Energy firms hit by oil dive, NKorea crisis fuels uncertainty


    HONG KONG: Asian energy firms sank Thursday following a plunge in oil prices while equity traders remained on edge after North Korea’s latest missile test and warnings from the US it would use force to deal with the nuclear-armed state.

    Crude fell around 4 percent Wednesday on renewed concerns about a global supply glut that overshadowed data pointing to a drop in US stockpiles.

    Investors are worried that an output cut agreed by OPEC and Russia will not be enough to offset rising production from the US and other nations including Libya and Nigeria.

    “Gasoline demand has increased because of the US driving season and that’s a good sign for the market,”
    Barnabas Gan, an economist at Oversea-Chinese Banking Corp. in Singapore, told Bloomberg News.
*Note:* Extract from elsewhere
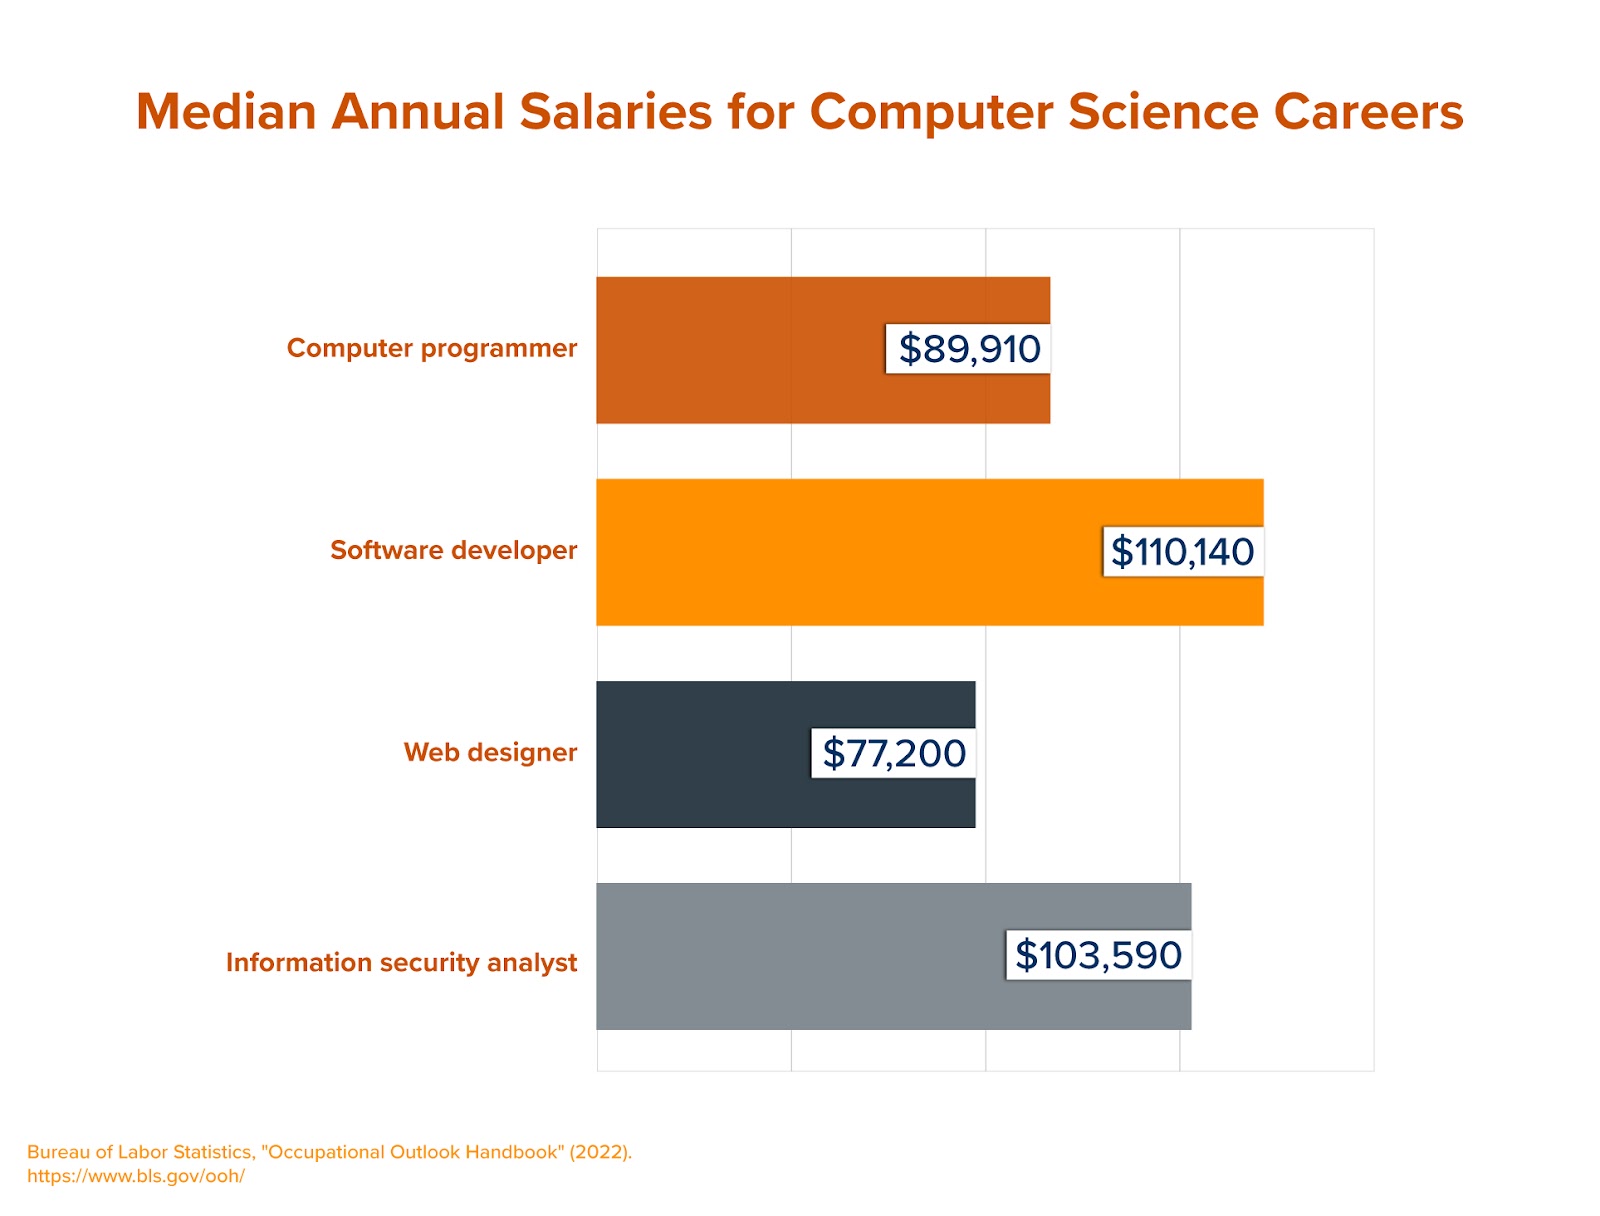 A chart that highlights the median annual salaries for computer science careers.

    But he added: “The rally is still extremely fragile and any signs which point to a higher supply environment into the second half could be a factor for oil prices to fall further.”

    Oil had surged around 10 percent since mid-June on bargain-buyin—having dived about a fifth over the previous four weeks on supply worries.

    While the commodity rose more than one percent Thursday in Asia, Hong Kong-listed PetroChina and CNOOC were each down sharply down. Santos and Rio Tinto gave up more than one percent in Sydney and Inpex was down a similar amount in Tokyo.

    Broader equity markets swung back into negative territory on lingering worries about the North Korea crisis after it tested its first missile able to reach the United States.

    ‘Sharp military escalation’

    At the United Nations, the US led a push for tougher sanctions on the hermit state, with Ambassador Nikki Haley saying it was working on a draft resolution imposing sanctions on Kim Jong-Un’s regime.

    She called the launch a “sharp military escalation” that made “the world a more dangerous place”, adding President Donald Trump was ready to use military force if all diplomatic avenues are exhausted.

    The escalation comes days before Trump heads to Germany for his first G20 summit, which was already expected to be testy for the new president following his recent outbursts over global trade and NATO.
    Tokyo ended 0.4 percent lower while Hong Kong slipped 0.1 percent.

    Sydney lost 0.1 percent and Seoul was marginally lower while Singapore and Taipei each gave up 0.4 pecent.
    But Shanghai ended up 0.2 percent while Wellington, Manila and Jakarta were also slightly higher.

    In early European trade London and Paris each dipped 0.1 percent but Frankfurt rose 0.2 percent.

    The dollar was little moved after minutes of the Federal Reserve’s June meeting indicated interest rates would rise again this year as expected but provided no clarity on the bank’s plan to wind down its multi-trillion-dollar investment holdings.